__Work instruction__
What you return must be exactly the lines running from the one with "Financial Report Analysis of a Jute Mill" to the end of the data below, inclusive, and nothing more.

__Given records__
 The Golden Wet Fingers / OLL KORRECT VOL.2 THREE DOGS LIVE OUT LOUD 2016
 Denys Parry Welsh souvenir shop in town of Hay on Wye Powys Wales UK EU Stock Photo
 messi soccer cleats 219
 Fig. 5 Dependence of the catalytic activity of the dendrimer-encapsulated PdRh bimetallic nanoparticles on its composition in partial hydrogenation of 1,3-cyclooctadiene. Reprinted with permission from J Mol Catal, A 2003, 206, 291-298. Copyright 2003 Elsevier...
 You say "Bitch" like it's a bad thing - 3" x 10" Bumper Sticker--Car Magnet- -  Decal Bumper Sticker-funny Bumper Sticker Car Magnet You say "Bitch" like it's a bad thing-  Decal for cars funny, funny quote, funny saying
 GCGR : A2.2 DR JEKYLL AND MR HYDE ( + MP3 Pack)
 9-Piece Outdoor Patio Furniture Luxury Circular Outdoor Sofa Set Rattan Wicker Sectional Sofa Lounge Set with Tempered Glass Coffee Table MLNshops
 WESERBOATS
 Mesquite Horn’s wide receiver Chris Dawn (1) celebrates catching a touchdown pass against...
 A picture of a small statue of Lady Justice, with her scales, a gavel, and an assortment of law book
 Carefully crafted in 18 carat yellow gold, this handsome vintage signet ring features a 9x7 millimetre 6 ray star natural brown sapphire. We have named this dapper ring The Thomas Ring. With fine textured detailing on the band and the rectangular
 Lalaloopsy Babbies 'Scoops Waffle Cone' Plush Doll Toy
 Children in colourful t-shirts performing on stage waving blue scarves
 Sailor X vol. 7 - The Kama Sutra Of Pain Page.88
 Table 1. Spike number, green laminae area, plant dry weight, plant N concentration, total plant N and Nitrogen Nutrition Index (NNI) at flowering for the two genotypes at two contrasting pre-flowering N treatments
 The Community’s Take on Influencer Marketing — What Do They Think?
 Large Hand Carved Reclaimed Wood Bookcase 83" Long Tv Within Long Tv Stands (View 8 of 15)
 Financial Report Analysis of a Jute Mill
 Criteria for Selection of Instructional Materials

__Answer box__
 Financial Report Analysis of a Jute Mill
 Criteria for Selection of Instructional Materials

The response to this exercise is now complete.